Perhaps it should have been phrased as a critique of your judgement in setting up the pictures.

My initial response to apologize to her for the wording was quickly damped by cloudmaker jumping in to call me an old fart - and you supporting this response.
I hope that your intern reads this and takes the critique as it was meant - truthful and not judgmental about her but the pictures.


----------



## twocolor (May 13, 2011)

The_Traveler said:


> Sorry, I didn't make any value judgement about her looks.
> She is a young person, without wrinkles or blemishes and a fine clear complexion.
> She does have ugly colored nailpolish that pops up to draw the eye.
> 
> ...


 
what about the comment about her "rather little girl hands" or her lack of "character or interest in her face."  I would call that a blatant criticism of her.  

My comment in support of cloudmaker wasn't about calling you an old fart, it was in support of her standing up for MY comments and for validating my concerns expressed to you.  I do think you owe my Intern an apology . . .


----------



## The_Traveler (May 13, 2011)

twocolor said:


> what about the comment about her "rather little girl hands" or her lack of "character or interest in her face."  I would call that a blatant criticism of her.
> 
> My comment in support of cloudmaker wasn't about calling you an old fart, it was in support of her standing up for MY comments and for validating my concerns expressed to you.  I do think you owe my Intern an apology . . .


 
She does have the hands of a young person and her face is unlined and unblemished - exactly the opposite of what we expect when someone says a face has 'character' or is 'interesting.'
She has a young woman's face, which is as it should be, unmarked by the hardships and exigencies of life.
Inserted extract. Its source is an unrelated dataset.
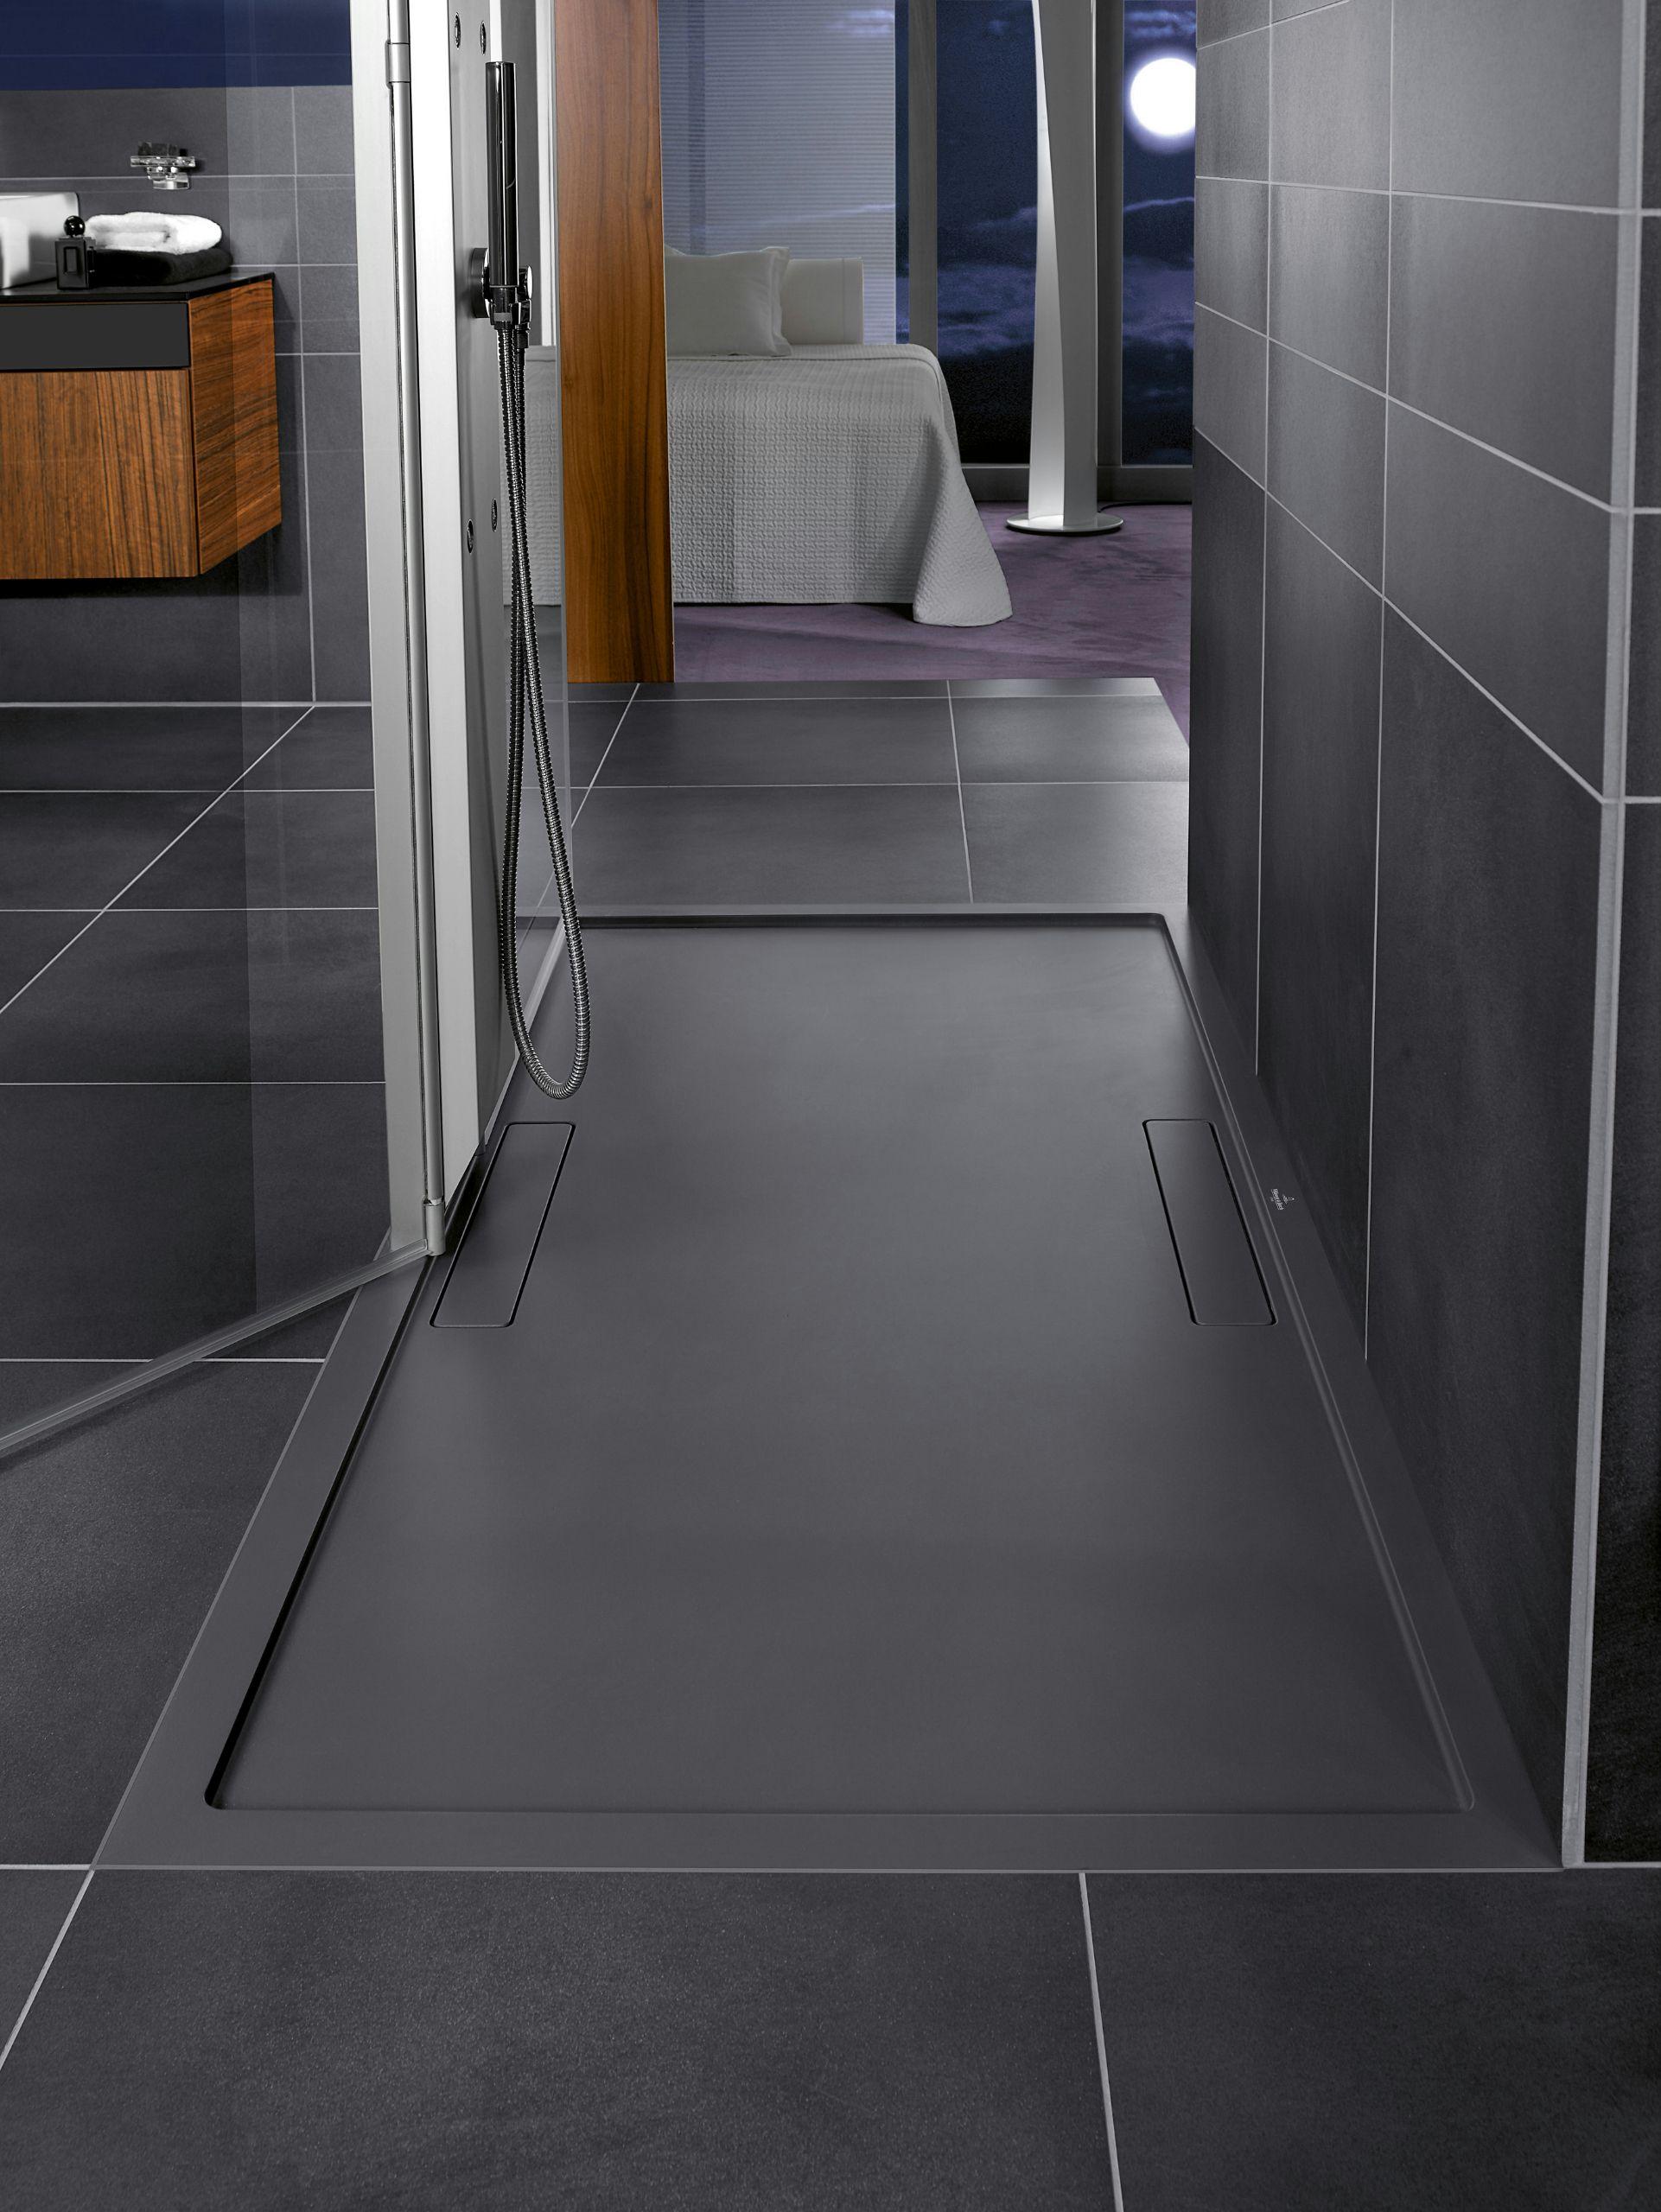 Squaro Shower Tray By Villeroy Shower Tray Bathroom Shower Room

You are trying to make a truthful response into something hurtful and to make me a rotten, rude brute because I was expecting a professional photographer to be reading and responding.

Perhaps if you had mentioned that she would have been reading these responses, I might have phrased my answers more clearly and in a more palatable way but since you didn't, I stated what I thought as clearly and obviously as possible.

But not to worry, I shall avoid your posts in the future; certainly a happy result for both you and me.


----------